[Data block]

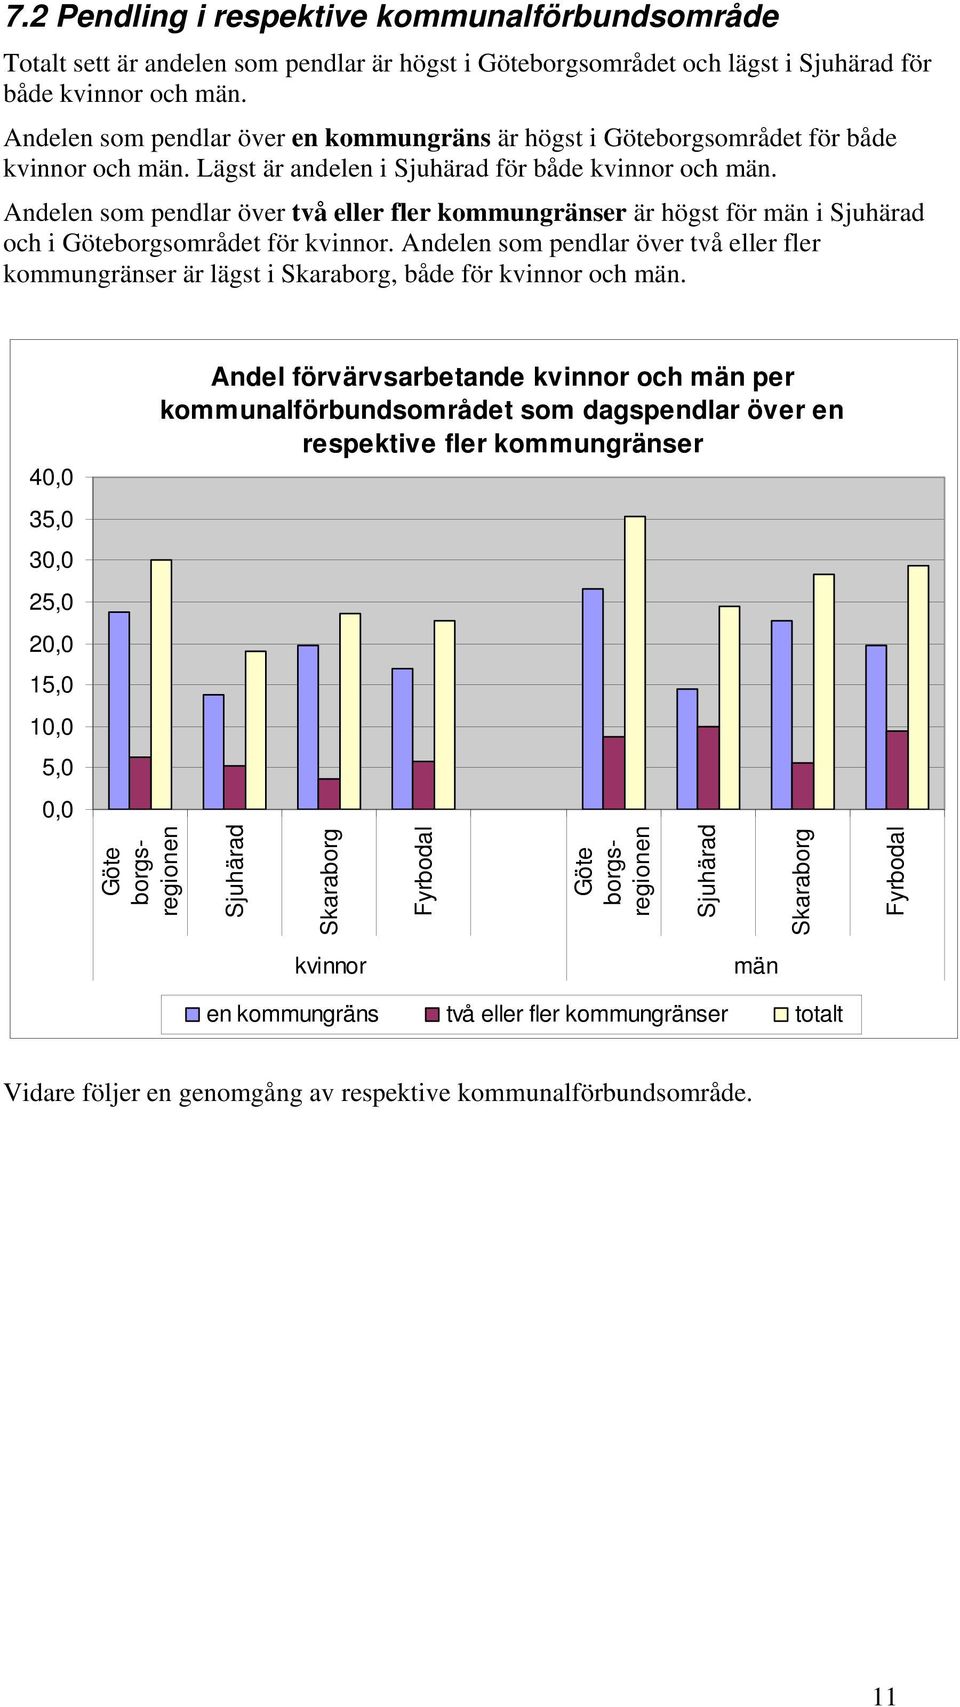 Andelen som pendlar över två eller fler kommungränser är högst för män i Sjuhärad och i Göteborgsområdet för kvinnor.
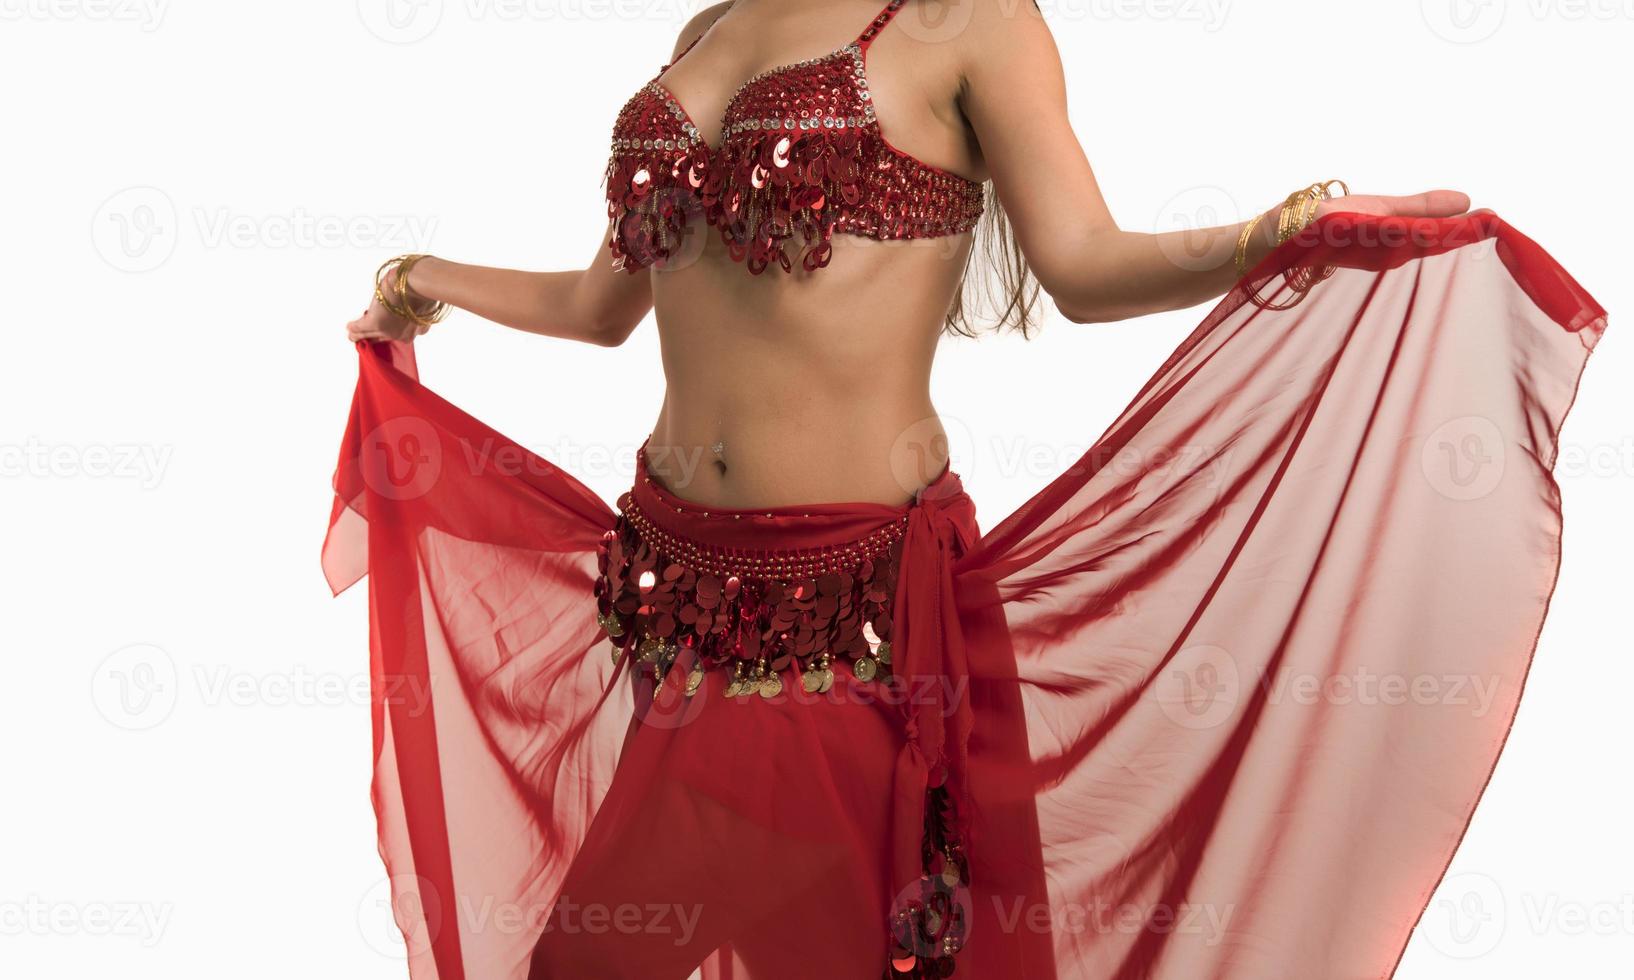 mooi buik danser jong vrouw in prachtig rood en zwart kostuum jurk foto
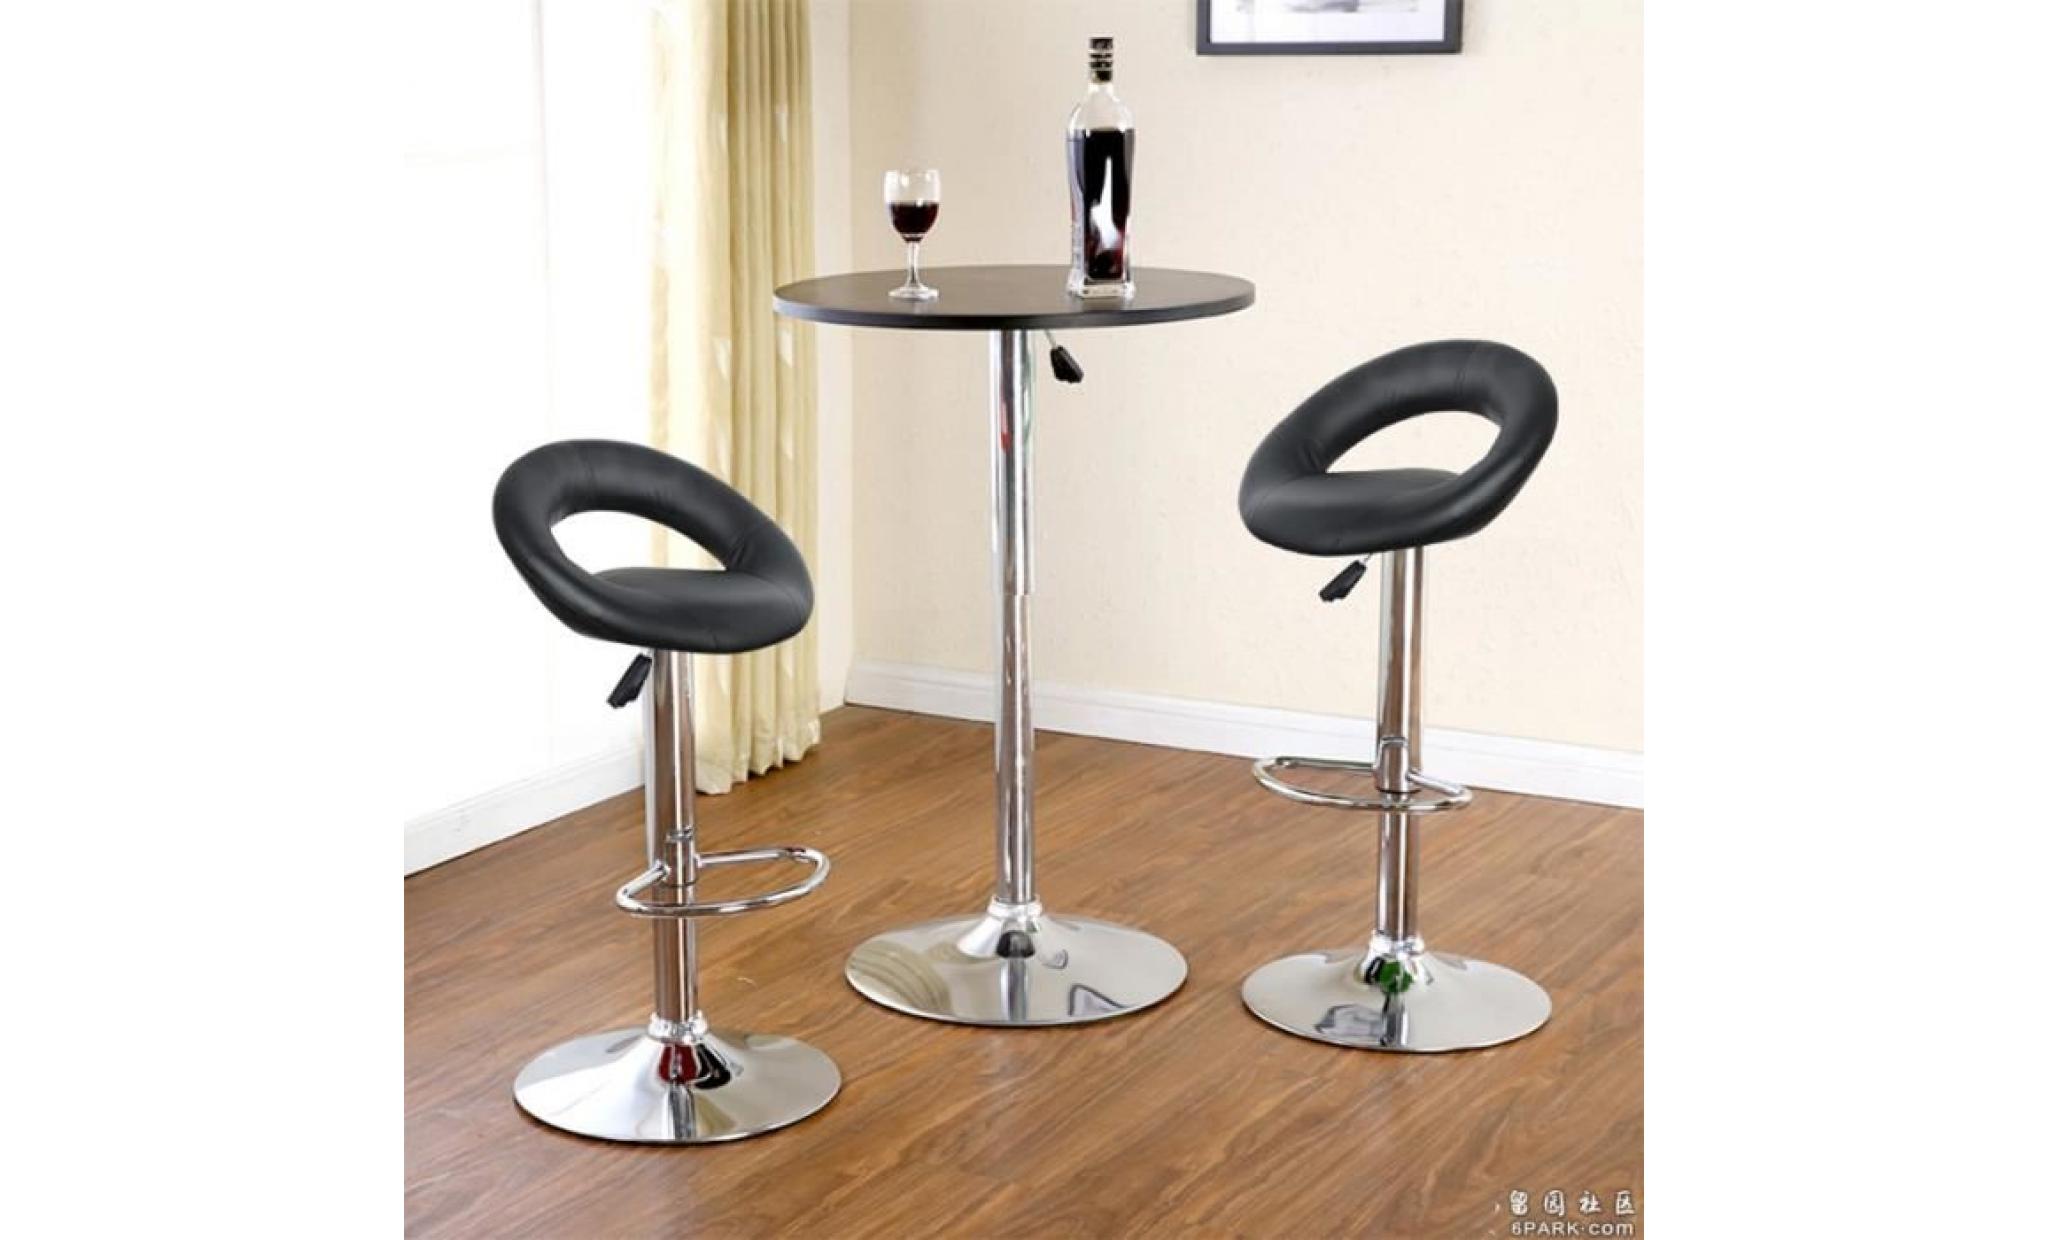 2 tabouret de bar reglable, chaise de salon confortable design moderne  noir    freestyle

[/Data block]

Transcribe the listing exactly; skip the pictures.

Output of the task:
 Andelen som pendlar över två eller fler kommungränser är högst för män i Sjuhärad och i Göteborgsområdet för kvinnor.
 mooi buik danser jong vrouw in prachtig rood en zwart kostuum jurk foto
 2 tabouret de bar reglable, chaise de salon confortable design moderne  noir    freestyle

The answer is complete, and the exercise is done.